For simplicity we will run this entire simulation with NTT=3 and GAMMA_LN=1. We shall also set the initial and final temperatures to 300 K (TEMPI=300.0, TEMP0=300.0) which will mean our system’s temperature should remain around 300 K. In these two examples we will run a total of 100,000 steps each (NSTLIM=100000) with a 1 fs time step (DT=0.001) giving simulation lengths of 100 ps (100,000 x 1fs). The two input files are shown below:

Dodecamer DNA MD in-vacuo, 12 angstrom cut off
 &cntrl
  imin = 0, ntb = 0,
  igb = 0, ntpr = 100, ntwx = 100,
  ntt = 3, gamma_ln = 1.0,
  tempi = 300.0, temp0 = 300.0,
  nstlim = 100000, dt = 0.001,
  cut = 12.0
 /

10-mer DNA MD in-vacuo, no cut off
 &cntrl
  imin = 0, ntb = 0,
  igb = 0, ntpr = 100, ntwx = 100,
  ntt = 3, gamma_ln = 1.0,
  tempi = 300.0, temp0 = 300.0,
  nstlim = 100000, dt = 0.001,
  cut = 999
 /

Caution: In the examples in this tutorial we do not change the value of the random seed used for the random number generator. This is controlled by the namelist variable ig. This is largely for issues of reproducibility of the results within a tutorial setting. However, when running production simulations, especially when using NTT=2 or 3 (Anderson or Langevin thermostats) it is essential that you change the random number seed from the default on EVERY MD restart. If you are using AMBER 10 (bugfix.26 or later) or AMBER 11 or later, you can do this automatically by setting ig=-1 in the cntrl namelist. For more details on the pitfalls of not doing this you should refer to the following publication:

Cerutti DS, Duke, B., et al., “A Vulnerability in Popular Molecular Dynamics Packages Concerning Langevin and Andersen Dynamics”, JCTC, 2008, 4, 1669-1680

So, to run the two jobs we issue the following two commands. Note, if you have a dual (or more) processor machine then you can run both jobs simultaneously, otherwise you should run them sequentially (note we use the restrt file from the minimization as our starting structure). The commands below start each process in the background, as indicated by & at the end of the command.

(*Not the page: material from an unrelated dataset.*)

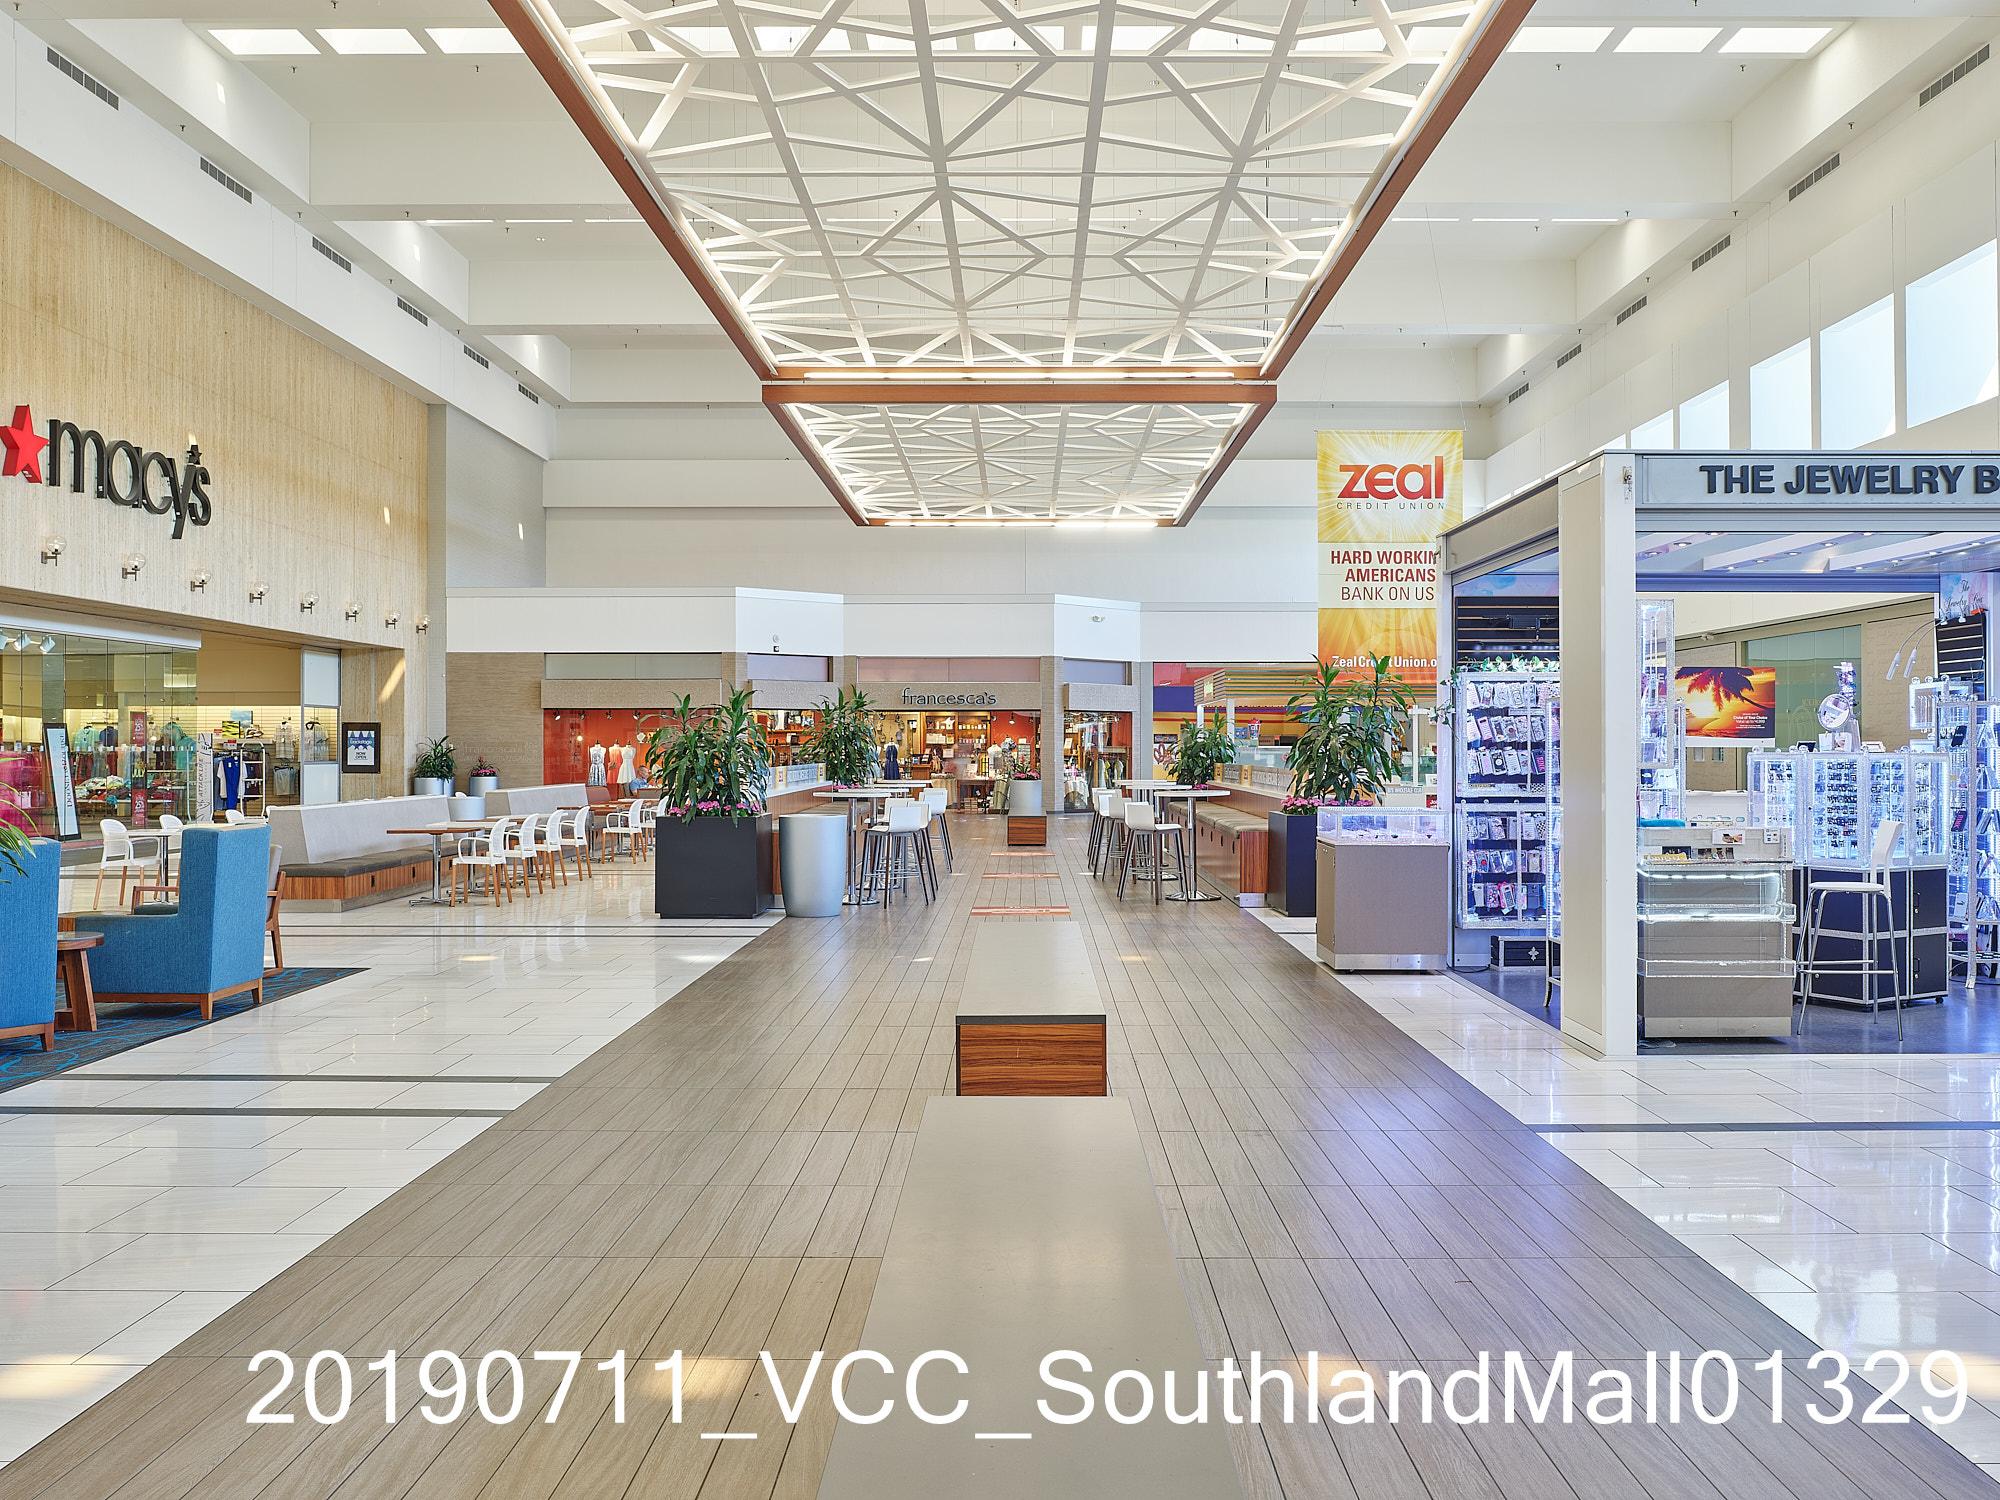 20190711_VCC_SouthlandMall01329.jpg
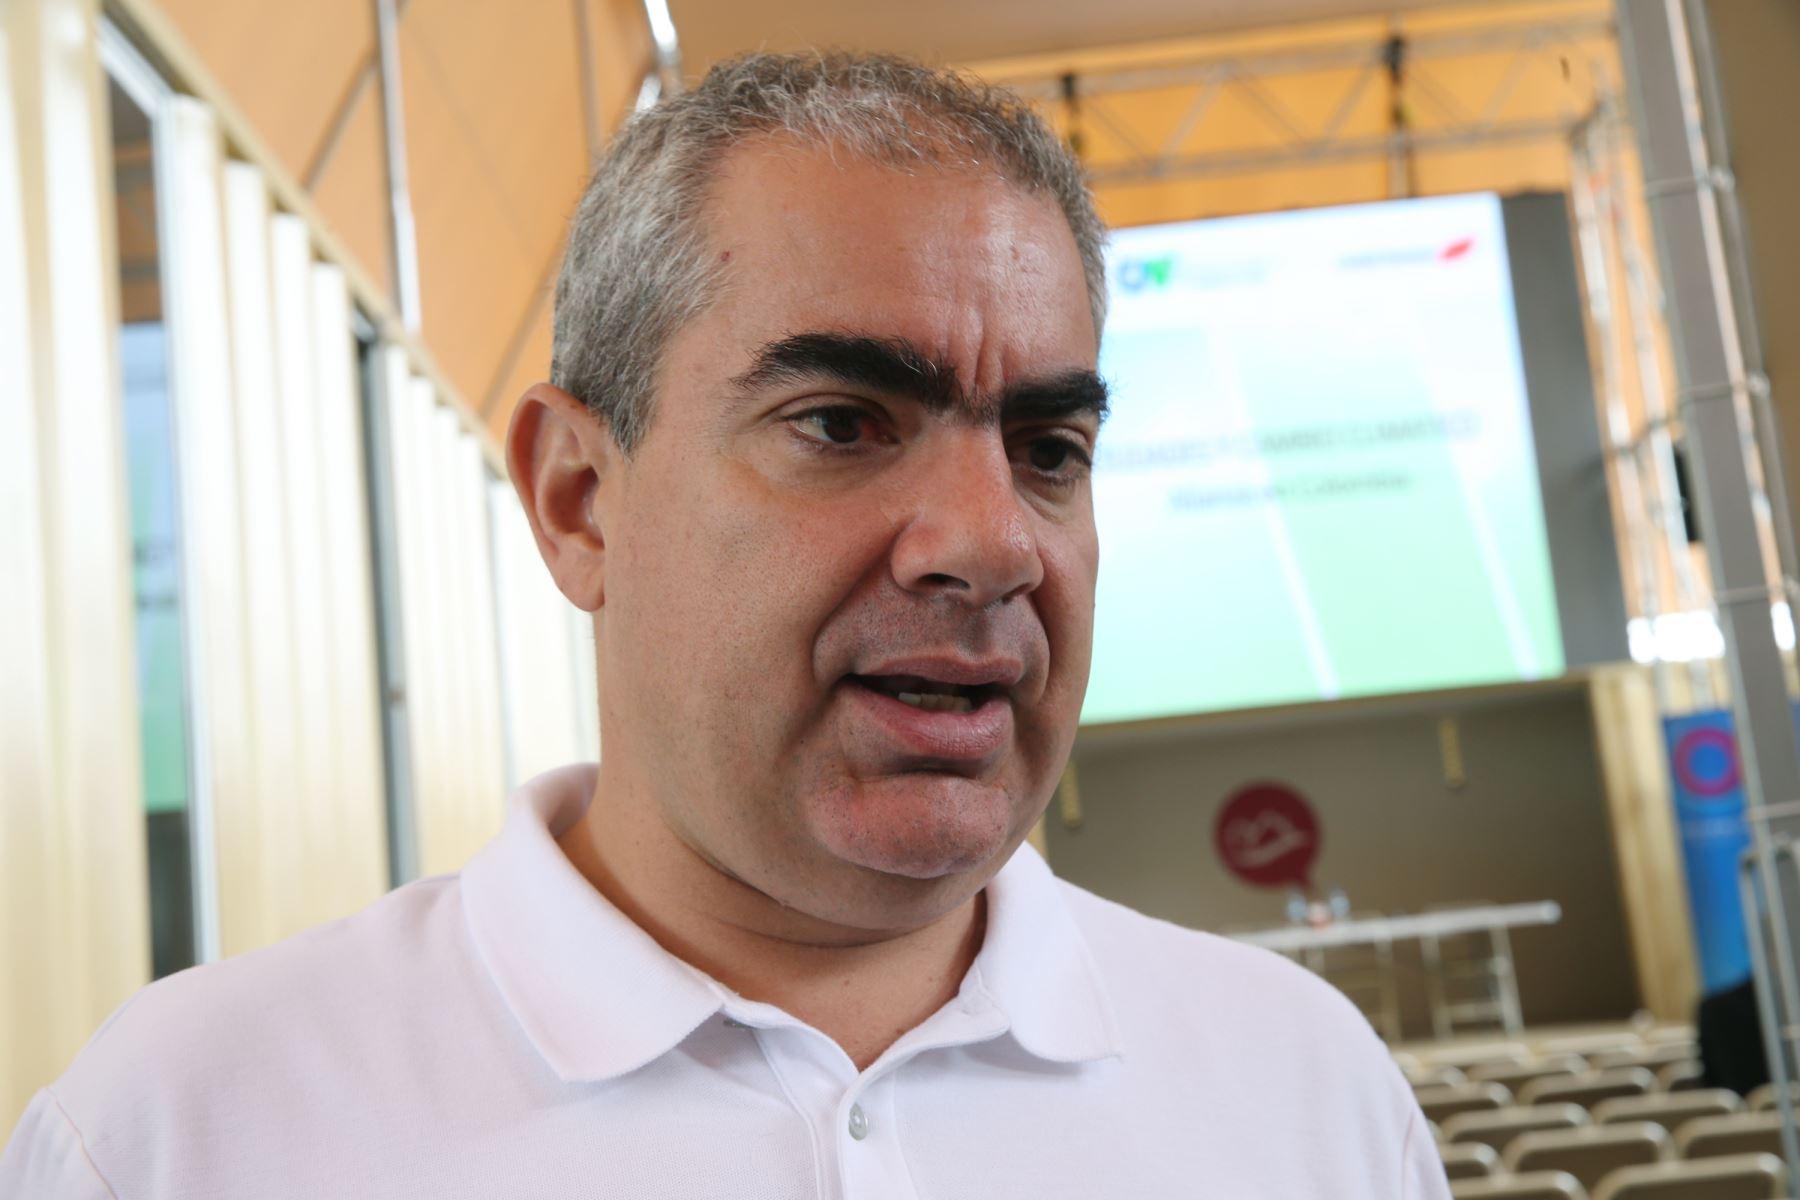 Alcalde de San Isidro Manuel Velarde. Foto: ANDINA/Norman Córdova

sander -O -i dodecamer_vac_md1_12Acut.mdin -o dodecamer_vac_md1_12Acut.out -c dodecamer_vac_min.rst7 -p dodecamer_vac.prmtop -r dodecamer_vac_md1_12Acut.ncrst -x dodecamer_vac_md1_12Acut.nc -inf dodecamer_vac_12Acut.mdinfo &
sander -O -i dodecamer_vac_md1_nocut.mdin -o dodecamer_vac_md1_nocut.out -c dodecamer_vac_min.rst7 -p dodecamer_vac.prmtop -r dodecamer_vac_md1_nocut.ncrst -x dodecamer_vac_md1_nocut.nc -inf dodecamer_vac_nocut.mdinfo &

These will take longer to run than the minimization, so it is probably a good time to go off and get a cup of coffee. For both of these simulations, you can track progress by checking the appropriate mdinfo file, indicated with the inf flag. You can check progress on the each simulations, including an estimated time to completion by checking these files.